Dans La Possibilité d’une île, les néo-humains viennent sur terre à l’âge de dix-huit ans. Ils vivent seuls, dans un monde dominé par l’informatique, reliés entre eux par leur connexion Internet, dans des résidences qui rappellent à s’y méprendre les « gate communities » américaines, exception faite de leur solitude. En effet, chaque résidence ne connaît qu’un seul habitant. Le livre se construit autour du « récit de vie » de Daniel1, découvert, lu et commenté par Daniel24, puis Daniel25, ses clones, quelque deux mille ans plus tard. Une fois de plus, l’action se situe en dehors de l’humanité ce qui procure une très bonne occasion de fouiller à distance la société.

On le sait, la critique, est la spécialité de Houellebecq. Daniel1 fait irrésistiblement penser à l’auteur. Plein de sarcasme, il examine tout et n’importe quoi, et se lance dans des gags plus que douteux parfois.
Toutefois, une chose est certaine : il n’a pas son pareil pour tourner en dérision la droite comme la gauche, les écologistes ou les médias, et briser les tabous les plus résistants : la vieillesse, l’enfance, le suicide pour ne nommer que ceux-là. Bien entendu, il y a de la fanfaronnade dans tout cela. Mais réduire le roman à ces instants de provocation serait injuste.

Houellebecq est une valeur sûre. Cela semble l’évidence à la lecture de ce dernier roman. Toutefois, personne jusqu’à présent n’a été capable d’en discerner la raison. Est-ce une question de style ? Et puis qu’est-ce que le style ? Qu’en pense-t-il lui-même ? Pour répondre, Michel Houellebecq supprime son éternelle cigarette tenue entre le majeur et l’annulaire. Une habitude qu’il a depuis qu’il était étudiant à l’École Louis Lumière de Paris.

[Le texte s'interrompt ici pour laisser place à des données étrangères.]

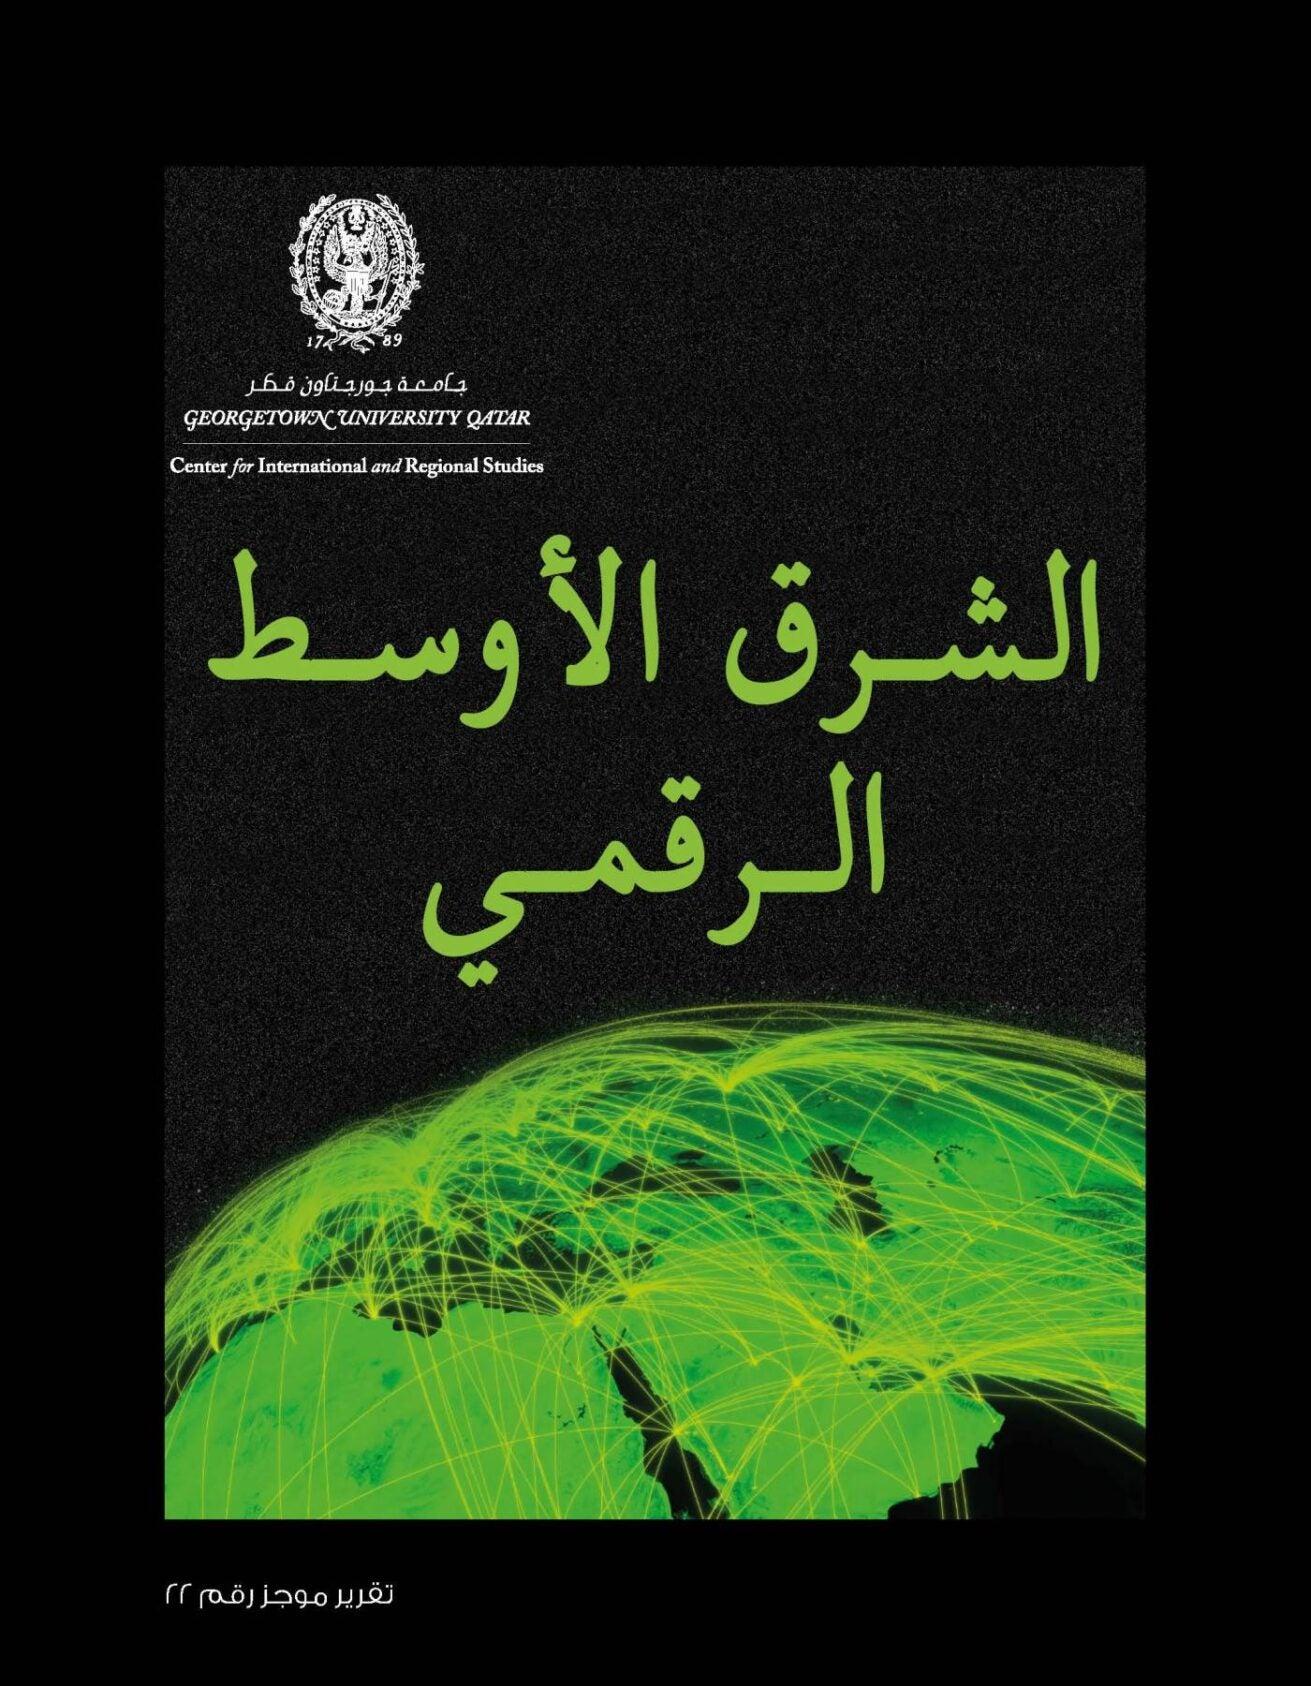 الشرق الأوسط الرقمي: الدولة والمجتمع في عصر المعلومات

« Je trouve que je fume trop pendant les interviews. En fait, j’ai horreur de ça. Je ne me cache pas pour fumer. Le style ? Oui je trouve ça important. La phrase la plus célèbre à ce sujet, du moins en France, c’est celle de Buffon. Il a dit « Le style, c’est l’homme ». Ce n’est pas faux.
Il y a une bonne critique de Nietzsche qui est de faire remarquer qu’il est dans des états physiologiques très variables, donc son style se modifie en fonction de ses états. Mais, quant à moi, comme l’écriture d’un roman me prend assez longtemps, je passe finalement par toutes les gammes d’états physiologiques au cours de l’écriture. Donc dans mon cas, je pense, ça correspond à l’homme dans son ensemble. Ce qui pose la question de savoir ce que j’ai de particulier… enfin… Si j’ai un style particulier.

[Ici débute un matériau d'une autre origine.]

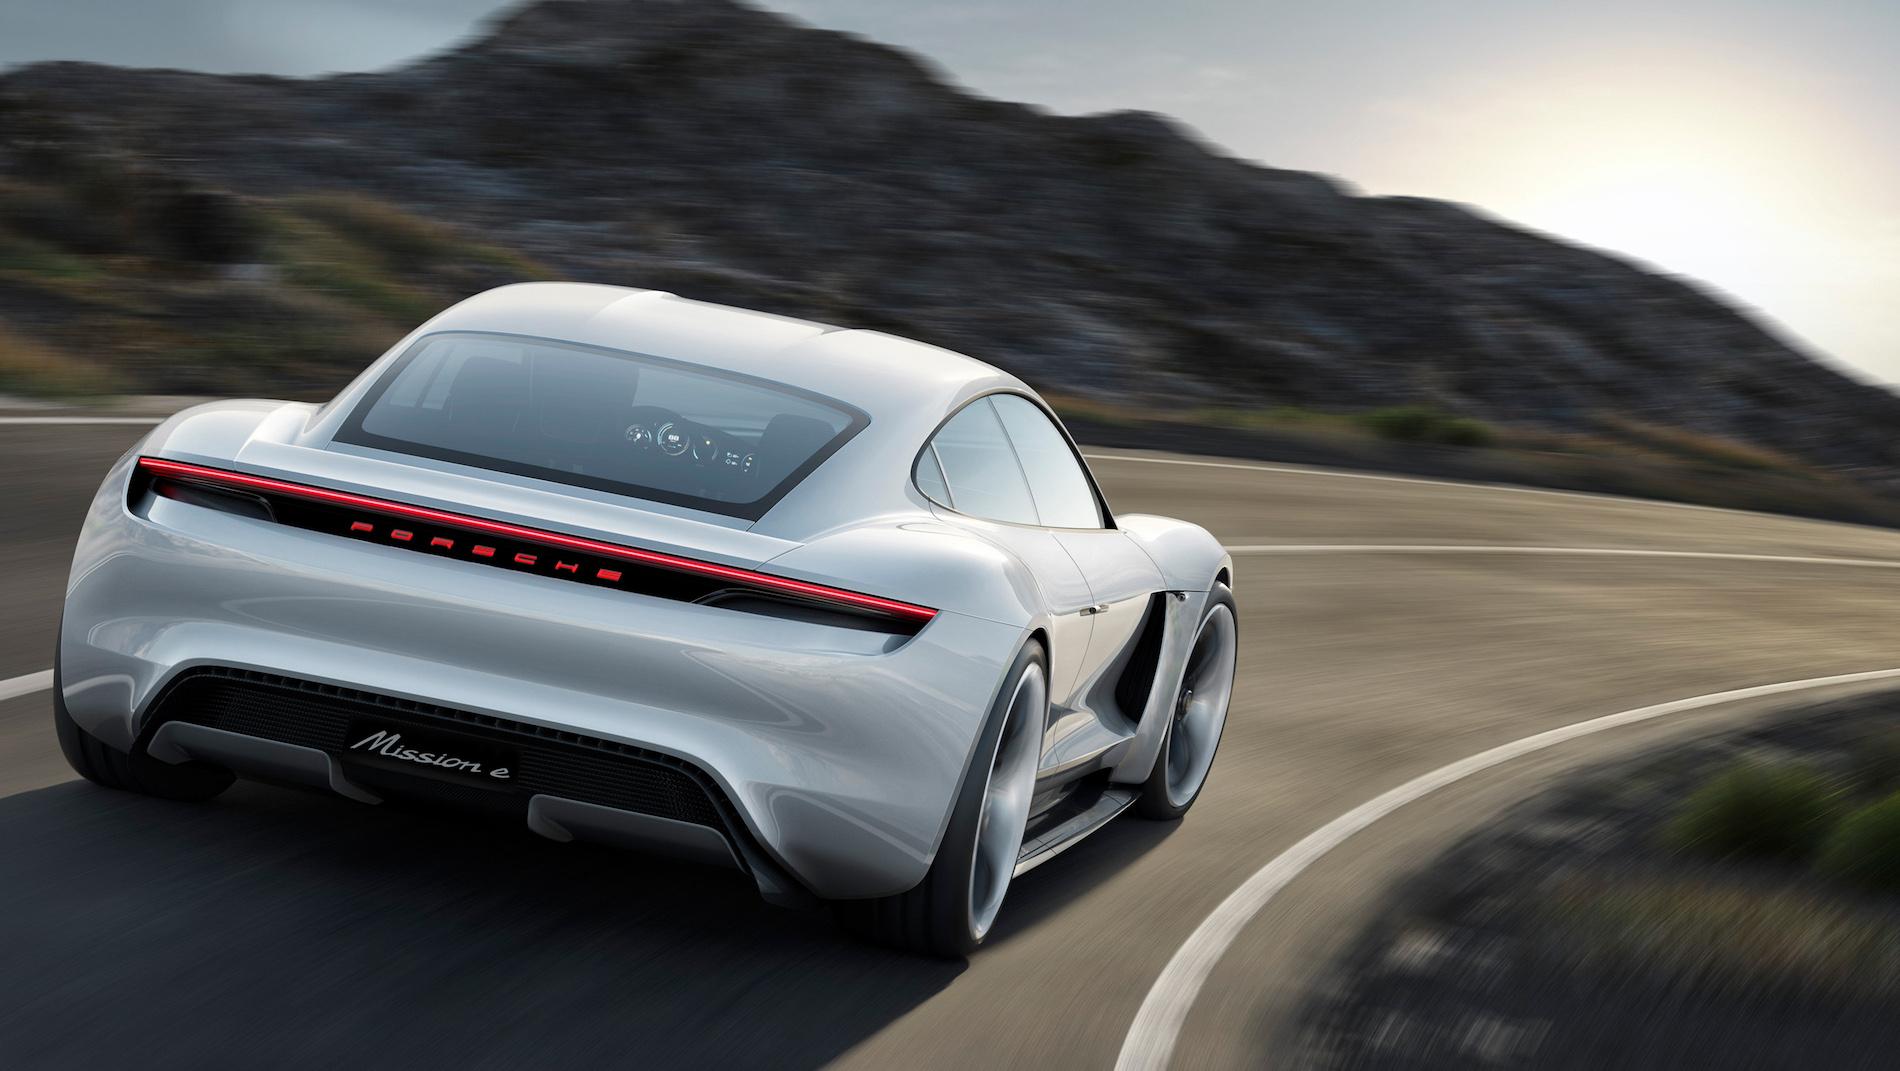 Porsche Taycan: Mehr als 20.000 Kaufinteressenten für den Elektro-Sportler von Porsche 7

Je ne pense pas que ce soit ma biographie qui est relativement banale. Je ne pense pas non plus que ce soient mes désirs, ni mes peurs qui sont à peu près ceux de tout le monde, ce qui ne place pas nécessairement dans une situation facile. Parce qu’il est plus facile de décrire l’exceptionnel que le banal quand on est soi-même un individu psychologiquement assez banal. En même temps, ça peut assurer une plus grande réussite. Parce que la banalité, étant un sujet plus difficile, est aussi plus intéressante. Mais, évidemment, tout ça ne fait toujours pas un style.

On s’approcherait plus de la définition en envisageant ce qui est classiquement considéré comme une qualité morale ou intellectuelle. Il est certain que je suis intelligent, plus intelligent que la moyenne sans être d’une intelligence exceptionnelle malgré tout, t et on peut dire que cela produit une tendance à la généralisation parfois. Il est certain que je suis aussi plus honnête que la moyenne ce qui est parfois pris pour de la provocation.…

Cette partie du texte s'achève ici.